By the Cayley-Hamilton theorem we have $\displaystyle p_A(B^2)=p_A(A)=0$.

Let $\displaystyle \mu_B(x)$ be the minimal polynomial of $\displaystyle B$. The minimal polynomial divides all polynomials that vanish at $\displaystyle B$; in particular $\displaystyle \mu_B(x)$ must be a divisor of the polynomial $\displaystyle p_A(x^2)=(x^4+1)^2$. The polynomial $\displaystyle \mu_B(x)$ has rational coefficients and degree at most $\displaystyle 4$. On the other hand, the polynomial $\displaystyle x^4+1$, being the $\displaystyle 8$th cyclotomic polynomial, is irreducible in $\displaystyle \mathbb{Q}[x]$. Hence the only possibility for $\displaystyle \mu_B$ is $\displaystyle \mu_B(x)=x^4+1$. Therefore,

$\displaystyle A^2+I = \mu_B(B) = 0. \tag1$

Since we have

$\displaystyle A^2 + I = \begin{pmatrix} 0 & 0 & -2a & 2a \\ 0 & 0 & -2a & 2a \\ 2a & -2a & 0 & 0 \\ 2a & -2a & 0 & 0 \end{pmatrix},$

the relation (1) forces $\displaystyle a=0$.

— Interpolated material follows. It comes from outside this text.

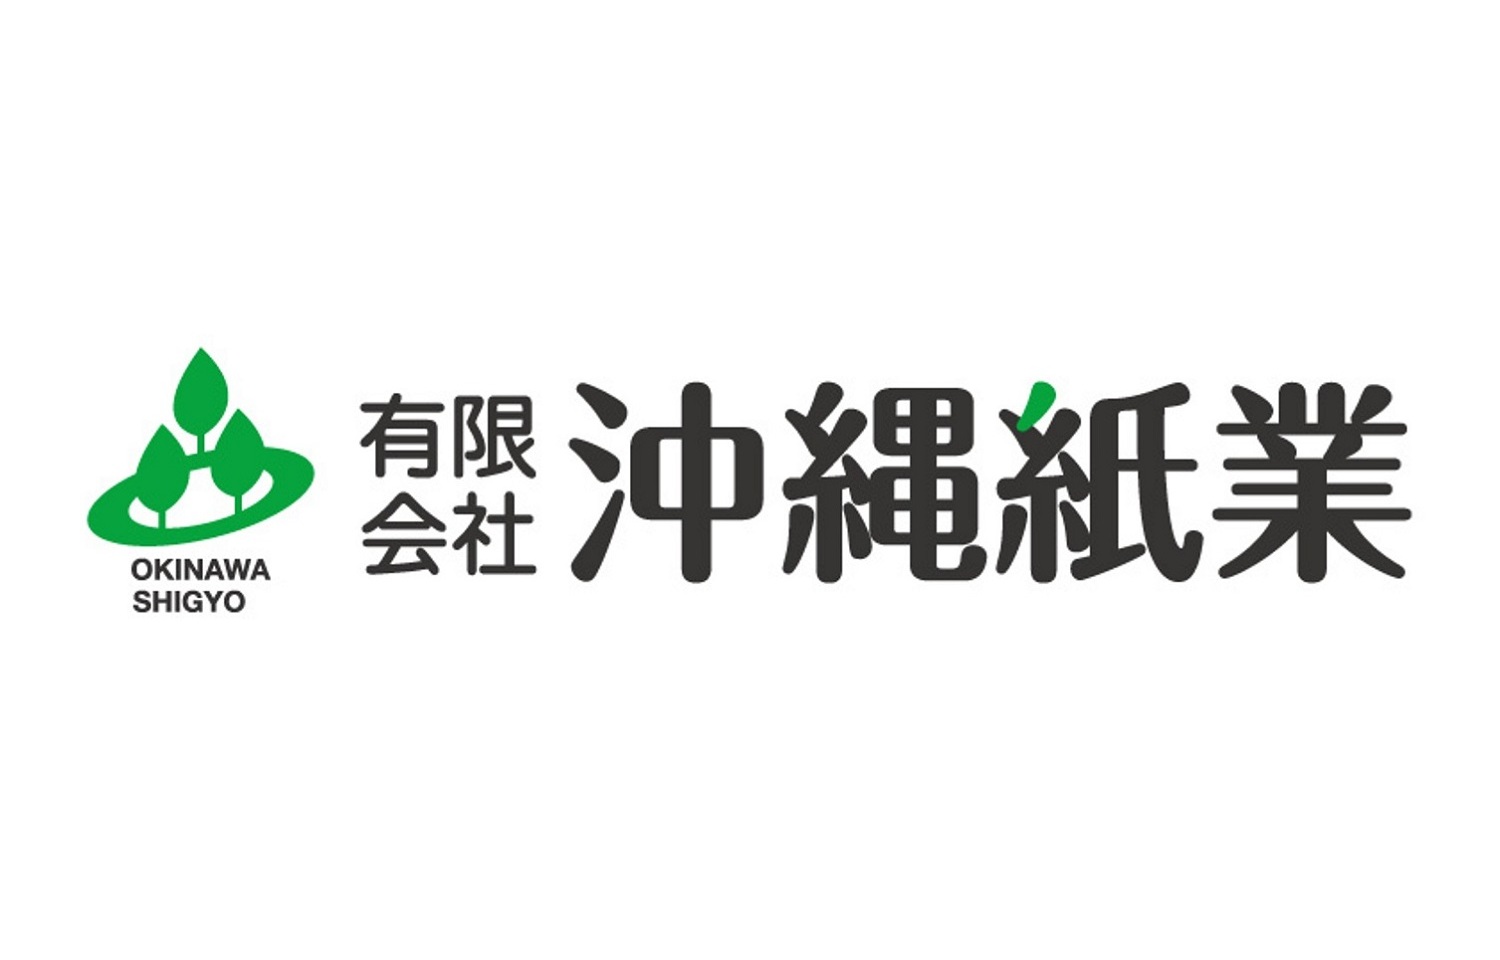 【ロゴ】
有限会社沖縄紙業

In case $\displaystyle a=0$ we have

$\displaystyle A = \begin{pmatrix} 0 & 0 & -1 & 0 \\ 0 & 0 & 0 & -1 \\ 1 & 0 & 0 & 0 \\ 0 & 1 & 0 & 0 \end{pmatrix} = \begin{pmatrix} 0 & 0 & 0 & -1 \\ 1 & 0 & 0 & 0 \\ 0 & 1 & 0 & 0 \\ 0 & 0 & 1 & 0 \end{pmatrix}^2,$

hence $\displaystyle a=0$ satisfies the condition.